Each entry should be given again exactly, with any image left out.

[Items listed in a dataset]
==*==
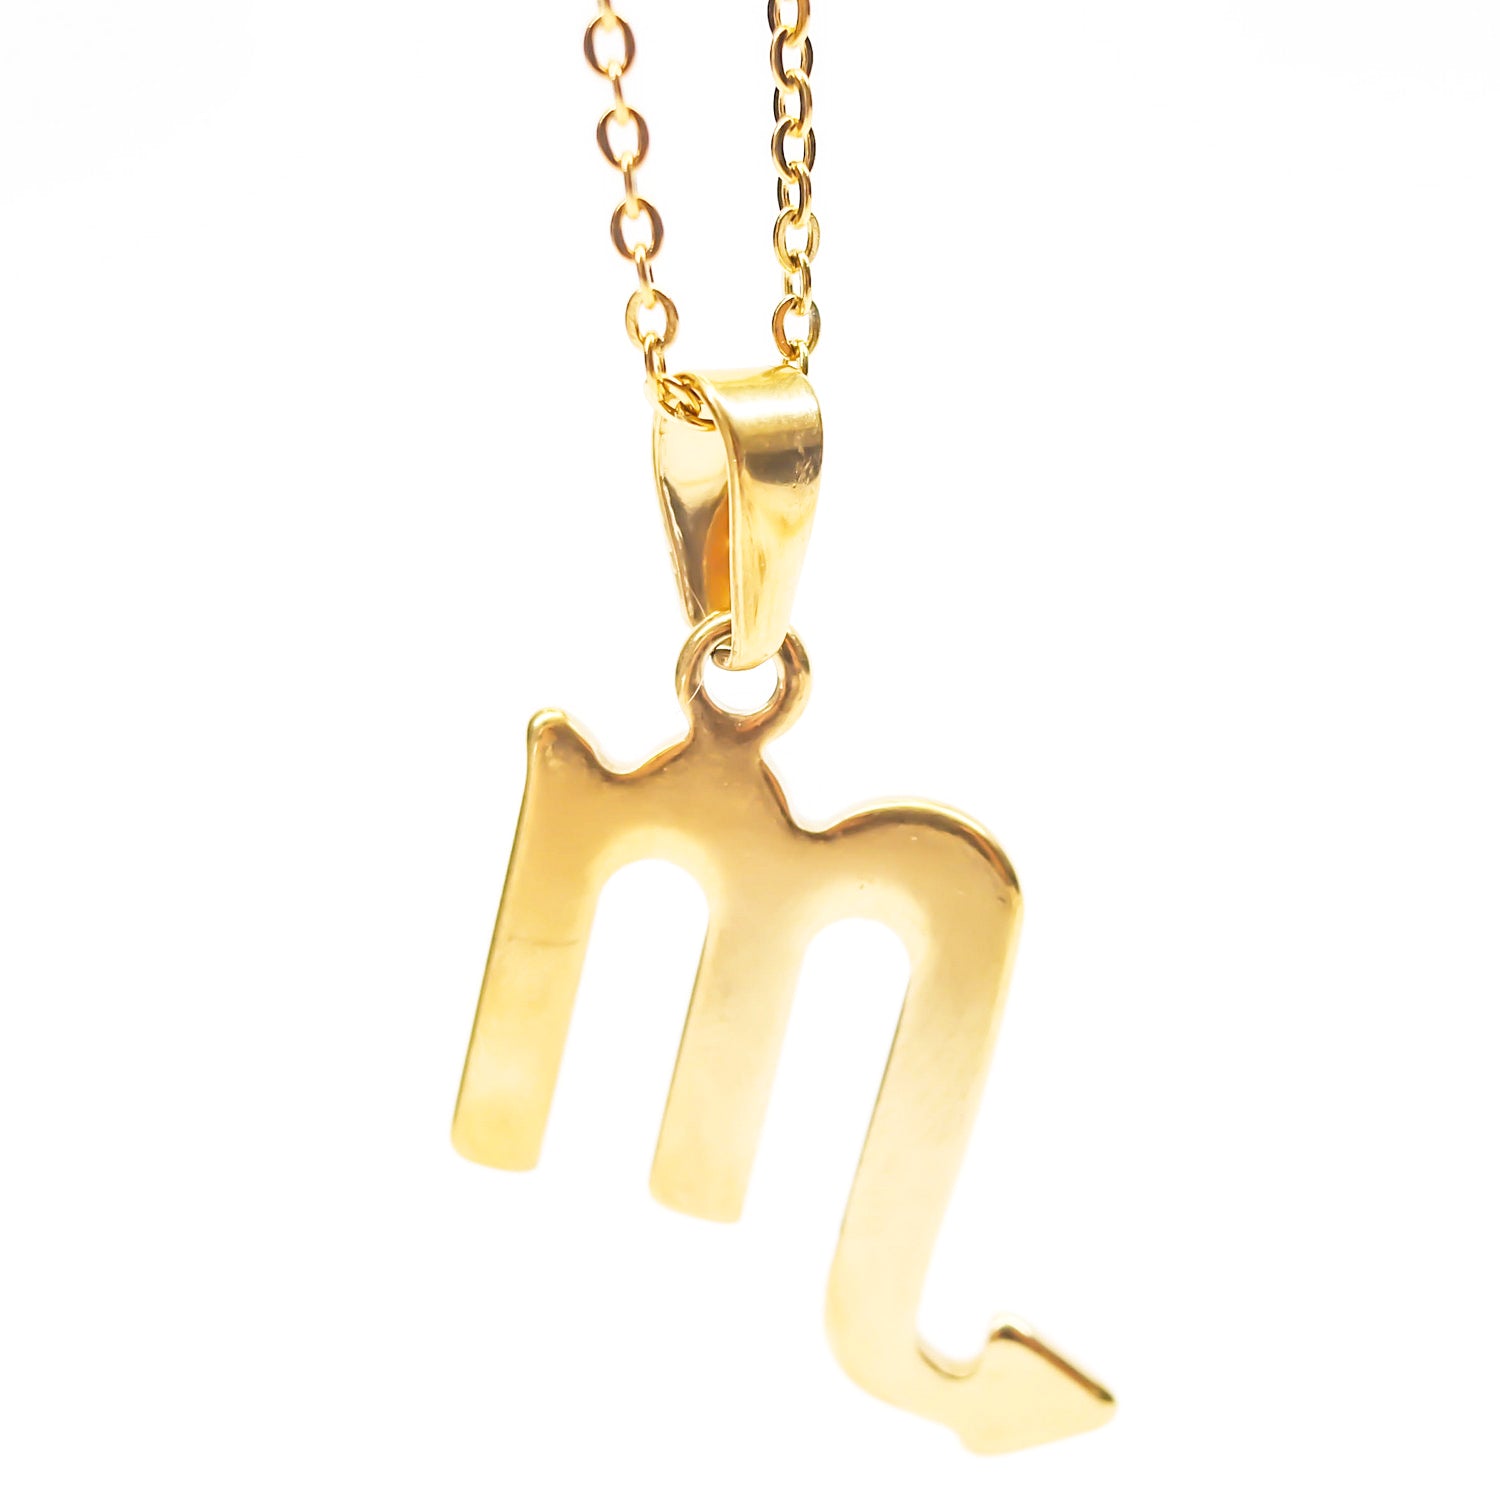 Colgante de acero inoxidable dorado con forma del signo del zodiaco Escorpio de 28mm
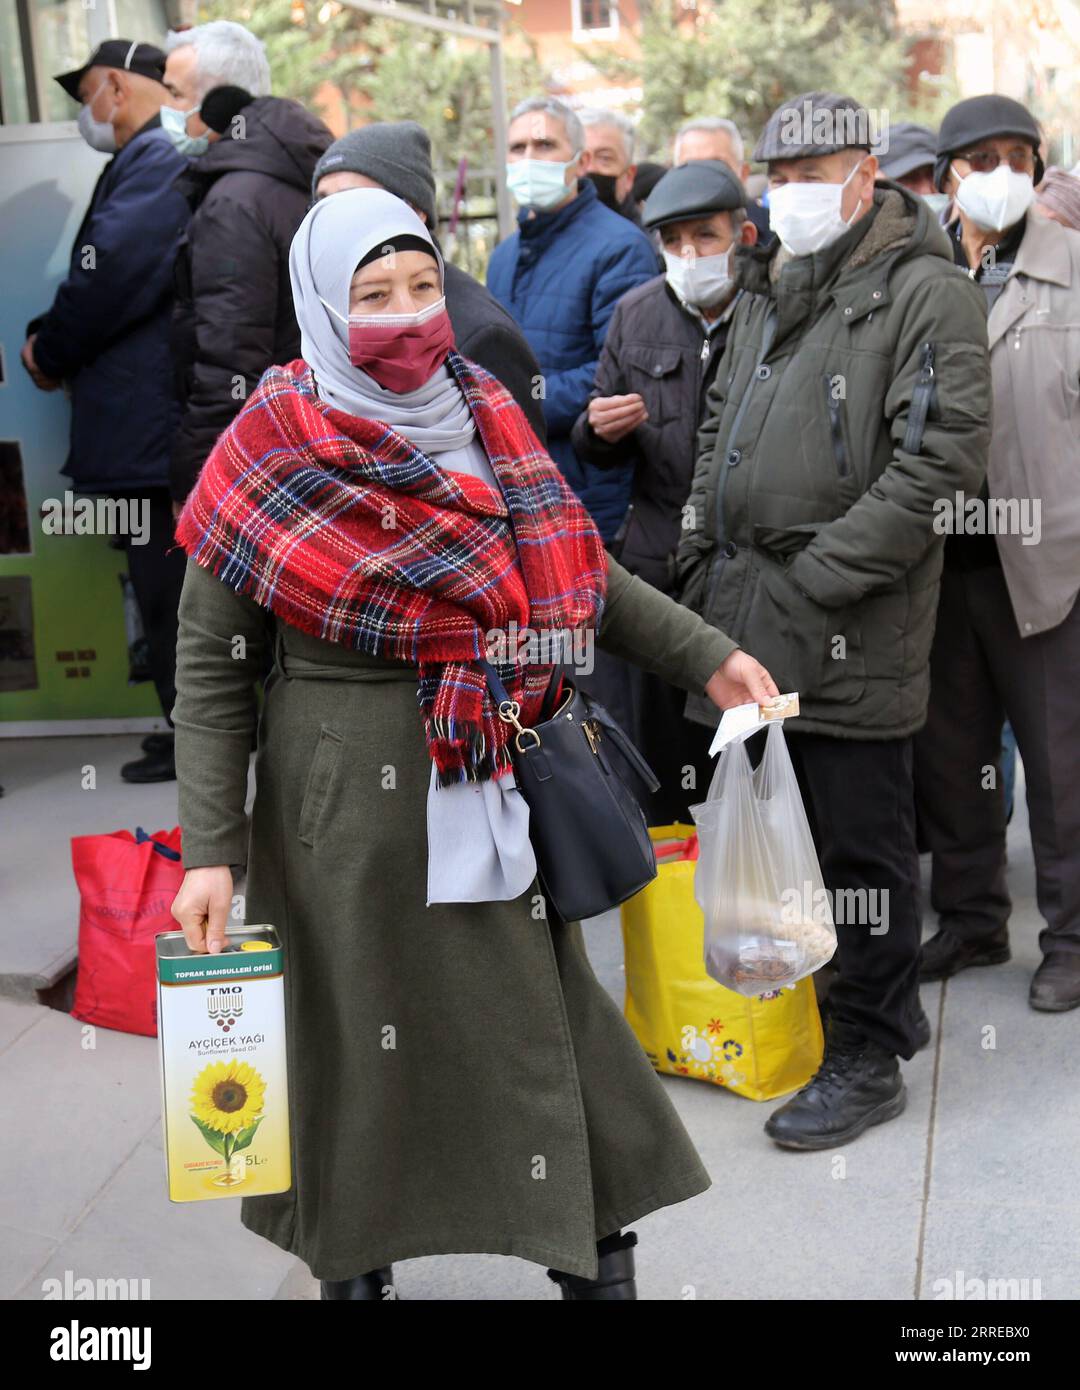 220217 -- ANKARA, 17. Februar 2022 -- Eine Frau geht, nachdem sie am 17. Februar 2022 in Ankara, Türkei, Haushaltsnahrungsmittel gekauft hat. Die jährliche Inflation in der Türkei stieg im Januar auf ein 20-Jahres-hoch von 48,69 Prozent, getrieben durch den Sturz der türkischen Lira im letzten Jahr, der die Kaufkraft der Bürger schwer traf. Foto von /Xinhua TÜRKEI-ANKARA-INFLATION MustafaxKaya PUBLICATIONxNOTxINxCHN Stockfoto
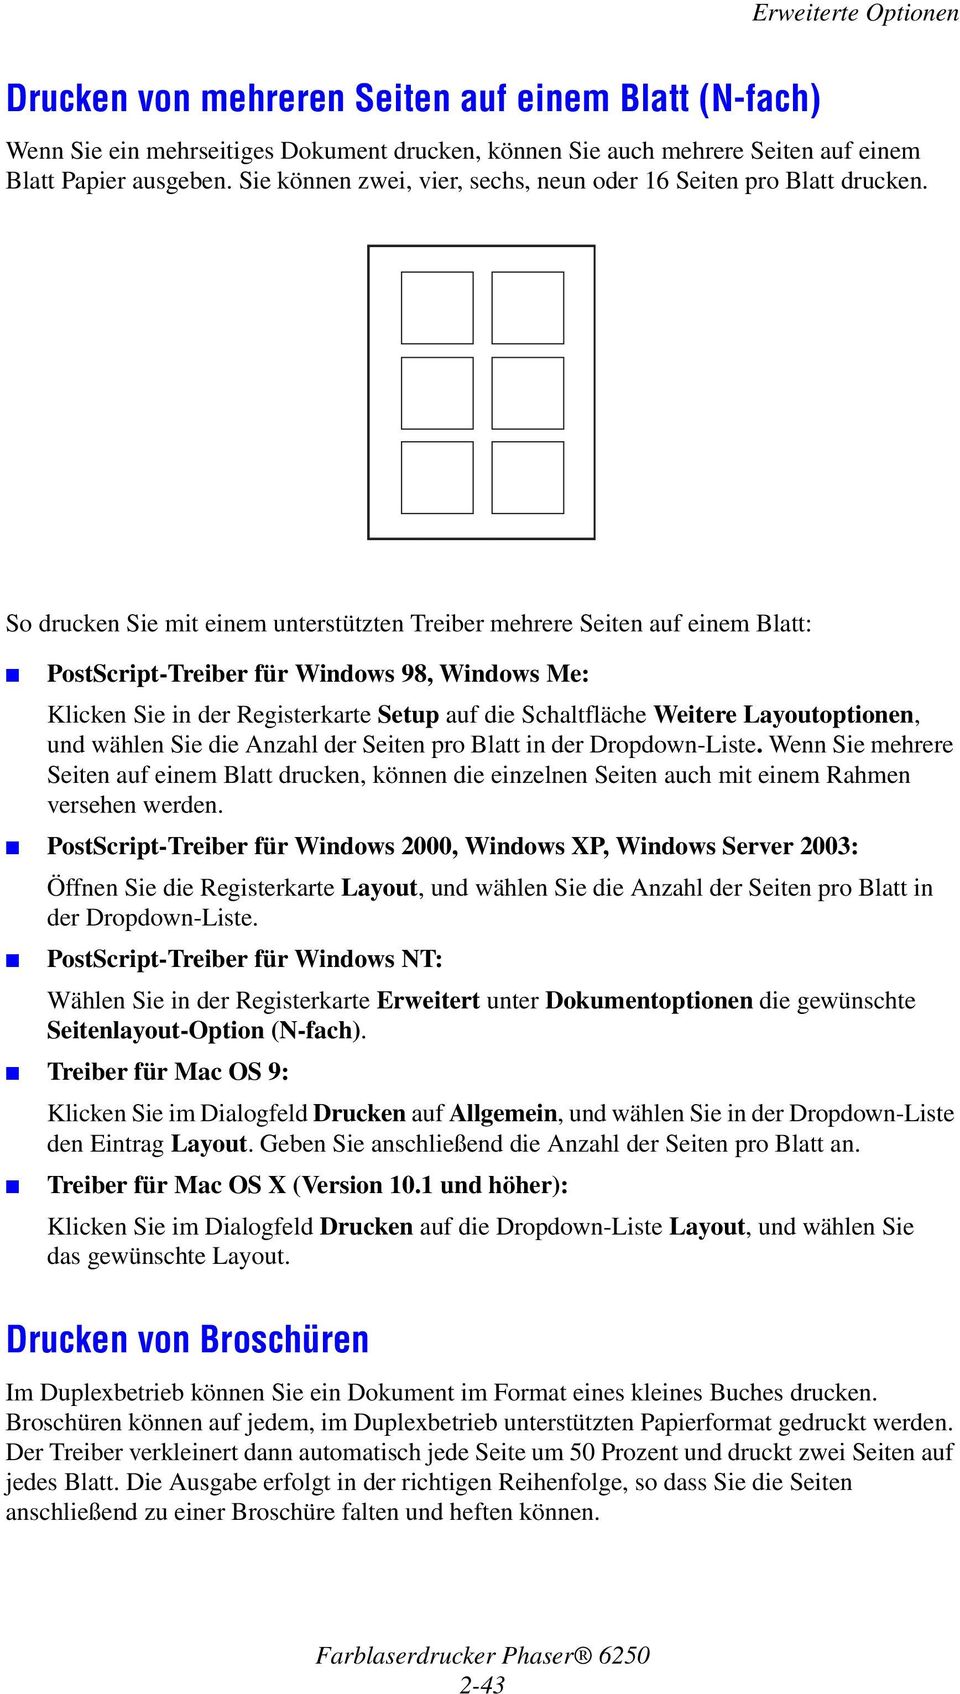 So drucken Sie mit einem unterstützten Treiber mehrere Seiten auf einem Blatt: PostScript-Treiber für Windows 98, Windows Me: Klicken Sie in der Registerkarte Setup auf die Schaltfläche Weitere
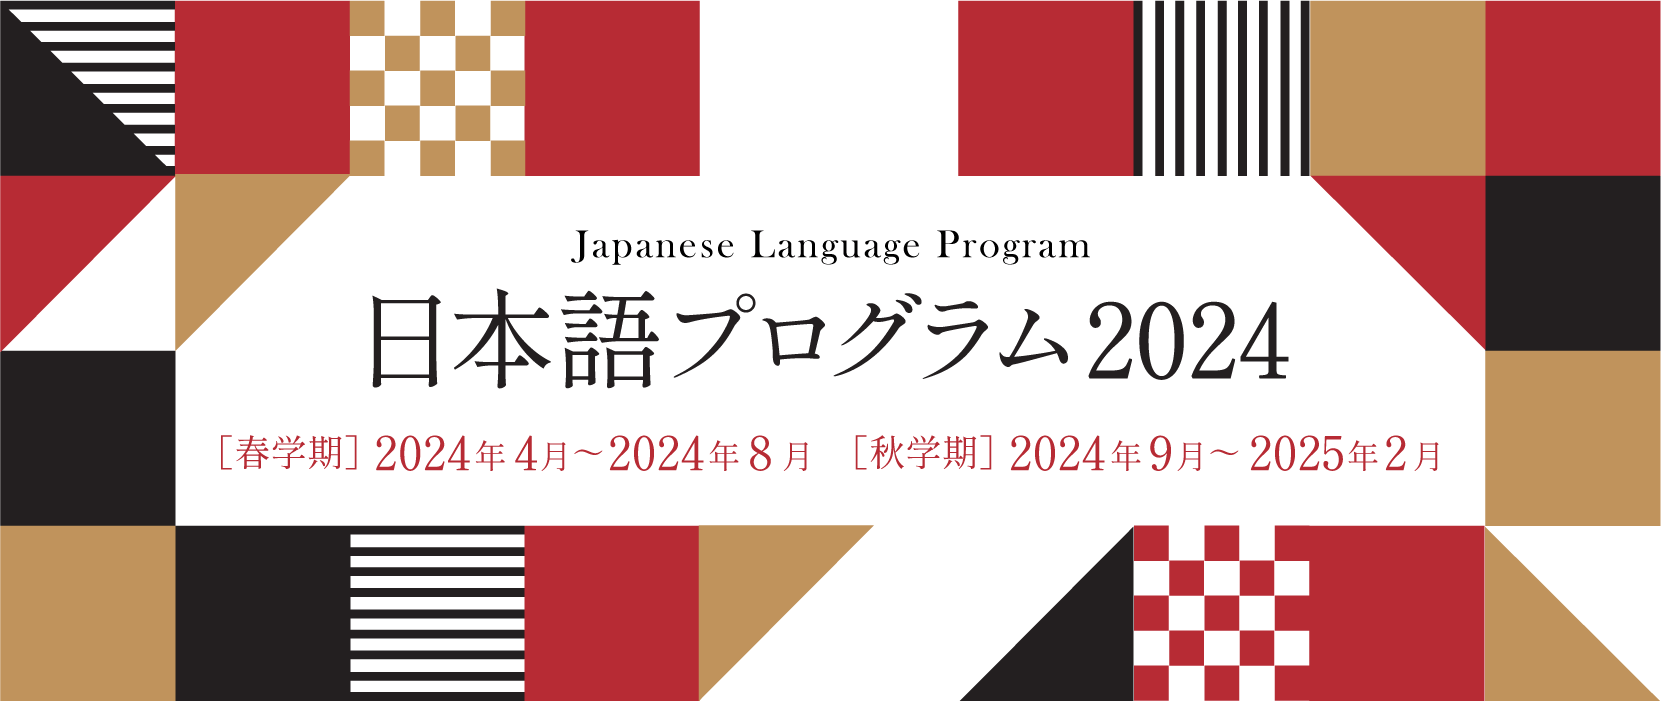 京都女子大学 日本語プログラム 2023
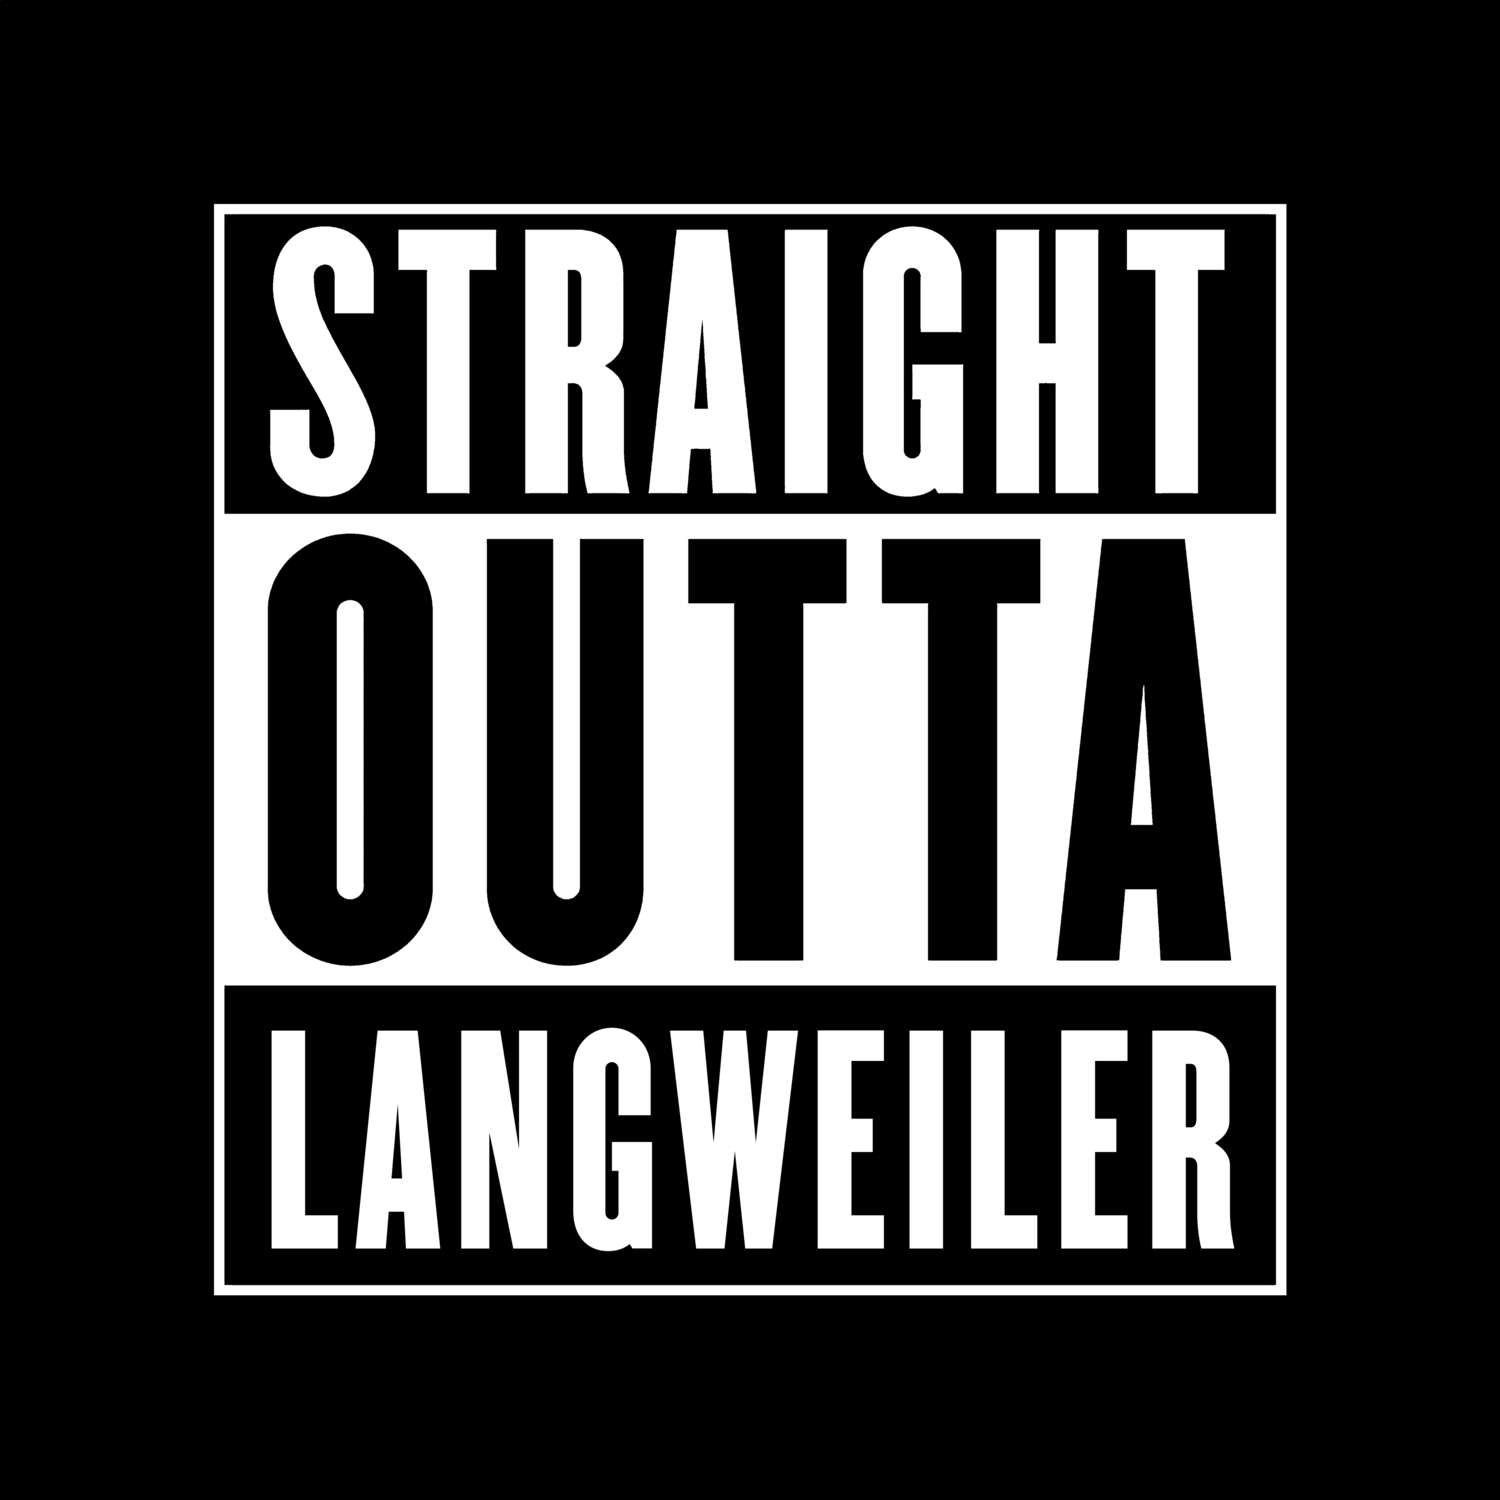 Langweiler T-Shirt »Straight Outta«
==*==
TASK ANSWER:
 Colgante de acero inoxidable dorado con forma del signo del zodiaco Escorpio de 28mm
 220217 -- ANKARA, 17. Februar 2022 -- Eine Frau geht, nachdem sie am 17. Februar 2022 in Ankara, Türkei, Haushaltsnahrungsmittel gekauft hat. Die jährliche Inflation in der Türkei stieg im Januar auf ein 20-Jahres-hoch von 48,69 Prozent, getrieben durch den Sturz der türkischen Lira im letzten Jahr, der die Kaufkraft der Bürger schwer traf. Foto von /Xinhua TÜRKEI-ANKARA-INFLATION MustafaxKaya PUBLICATIONxNOTxINxCHN Stockfoto
 So drucken Sie mit einem unterstützten Treiber mehrere Seiten auf einem Blatt: PostScript-Treiber für Windows 98, Windows Me: Klicken Sie in der Registerkarte Setup auf die Schaltfläche Weitere
 京都女子大学 日本語プログラム 2023
 Langweiler T-Shirt »Straight Outta«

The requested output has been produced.